Metadata-Version: 2.4
Name: huggingfacesync
Version: 0.1.4
Summary: Manifest-driven Hugging Face upload/download CLI.
Requires-Python: >=3.9
Description-Content-Type: text/markdown
Requires-Dist: huggingface_hub>=1.0.0

# huggingfacesync (alias: hfsync)

Manifest-driven CLI for syncing files between a local folder and a Hugging Face Hub repo.

## What it does

- Upload files matched by manifest patterns.
- Download files matched by manifest patterns.
- Read default repo config from manifest (`repo_id`, `repo_type`).
- Skip missing local patterns during upload.
- Skip missing remote files during download.

## Authentication

Login before syncing:

```bash
huggingface-cli login
```

Or set token in environment:

```bash
export HF_TOKEN=your_token
```

## Install

```bash
python -m pip install --upgrade pip
python -m pip install "git+https://github.com/cplusx/hfsync.git"
```

Runtime dependency `huggingface_hub` is installed automatically by pip.

Then run:

```bash
huggingfacesync --help
hfsync --help
```

Both command names are available and equivalent:

- `huggingfacesync`
- `hfsync`

If your shell cannot find these commands, use:

```bash
python -m upload_to_hf --help
```

## Manifest format (`.hfupload`)

If `.hfupload` does not exist, `huggingfacesync` (or `hfsync`) will auto-create a template file and exit.
If the file already exists, it is never overwritten.

```txt
# hfsync manifest
# repo_id=<your-namespace>/<your-repo>
# repo_type=dataset

# One glob per line
data/**
artifacts/**/*.json
metadata/*.csv
```

### Config keys

- `repo_id`: Hugging Face repo id, e.g. `alice/my_dataset`.
- `repo_type`: one of `dataset`, `model`, `space` (default: `dataset`).
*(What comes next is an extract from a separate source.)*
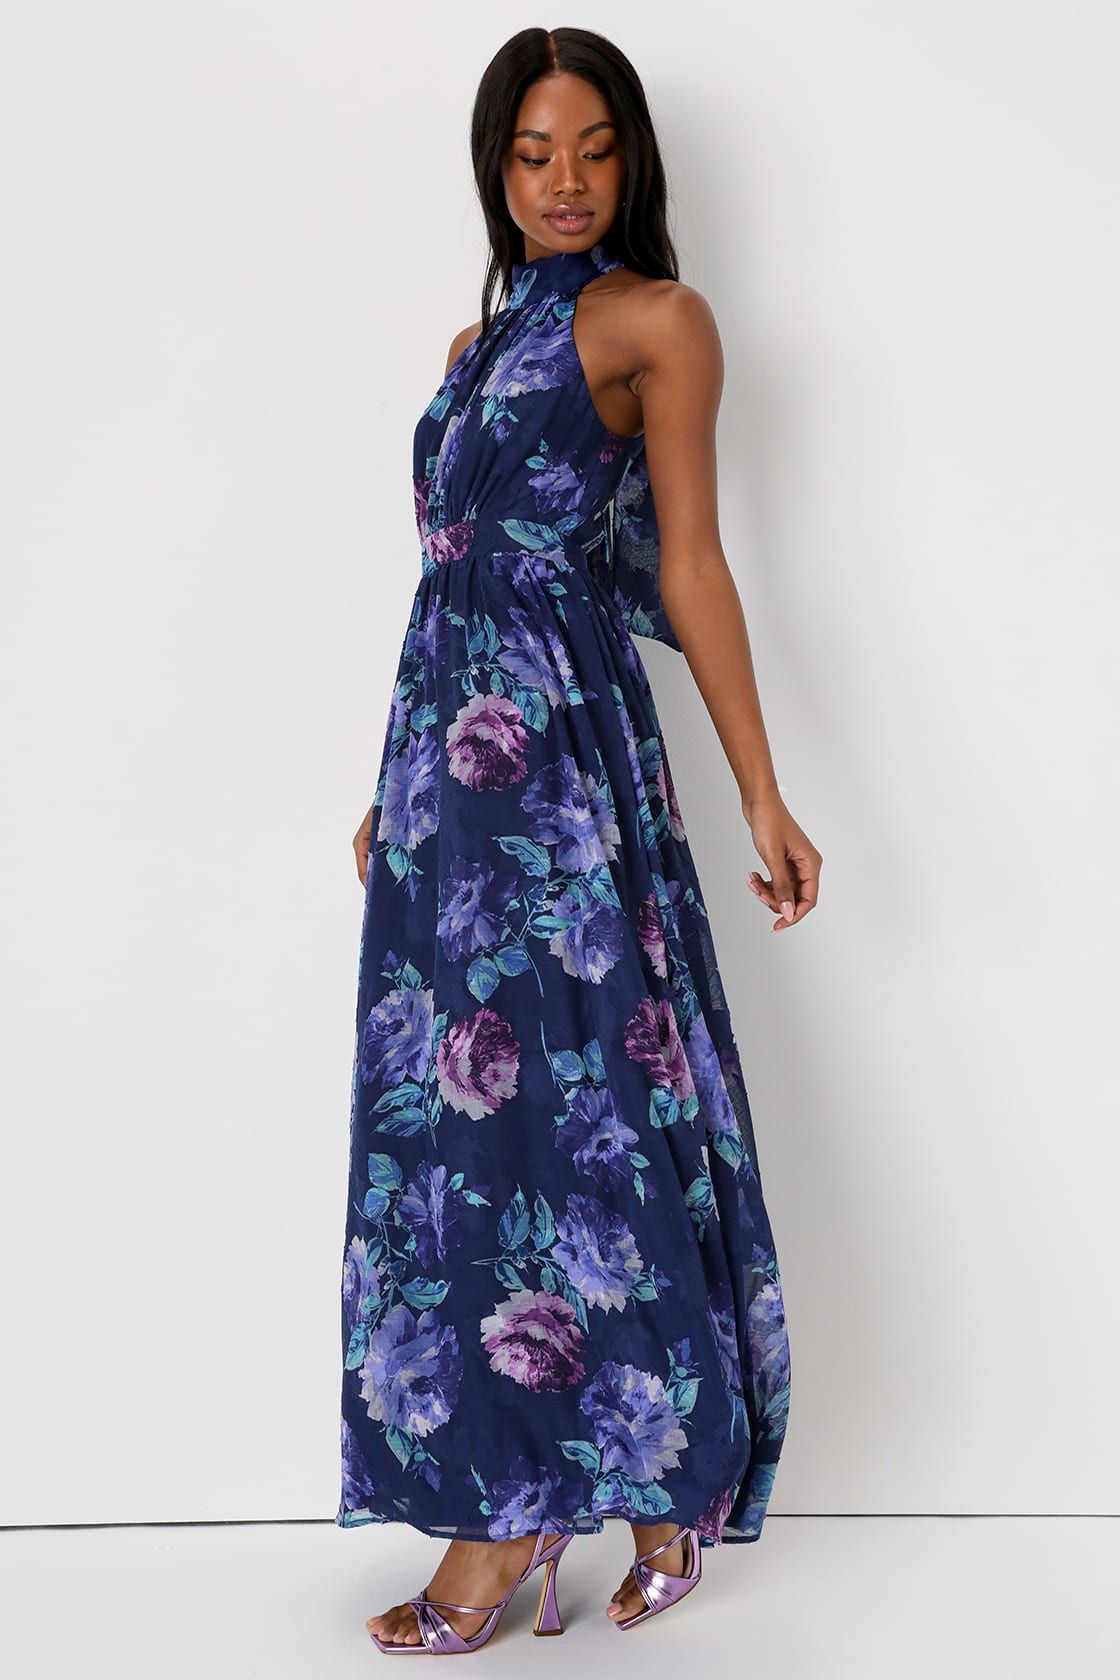 Splendid Perfection Navy Blue Floral Jacquard Maxi Dress | Lulus (US)

You can still override from CLI:

```bash
hfsync upload --repo-id alice/another_repo
```

## Usage

```bash
# Upload matched local files
hfsync upload

# Download matched remote files
hfsync download

# Use custom manifest path
hfsync --manifest path/to/.hfupload upload
hfsync --manifest path/to/.hfupload download

# Preview only
hfsync upload --dry-run
hfsync download --dry-run
```

### Large upload strategy

`upload` supports automatic switching to `upload_large_folder`:

```bash
# default: auto
hfsync upload

# force large-folder uploader
hfsync upload --large-upload always

# force regular uploader
hfsync upload --large-upload never
```

Auto mode switches to large uploader when either threshold is exceeded:

- `--large-files-threshold` (default `3000`)
- `--large-bytes-threshold` (default `1000000000`)

You can also set `--large-num-workers` for `upload_large_folder`.

## Notes

- Upload uses explicit matched files, so patterns that match nothing are reported and skipped.
- Download first lists remote files then filters with manifest patterns.
- Keep `.hfupload` under version control for reproducible sync behavior.

For project maintainers, release instructions are in `MAINTAINING.md`.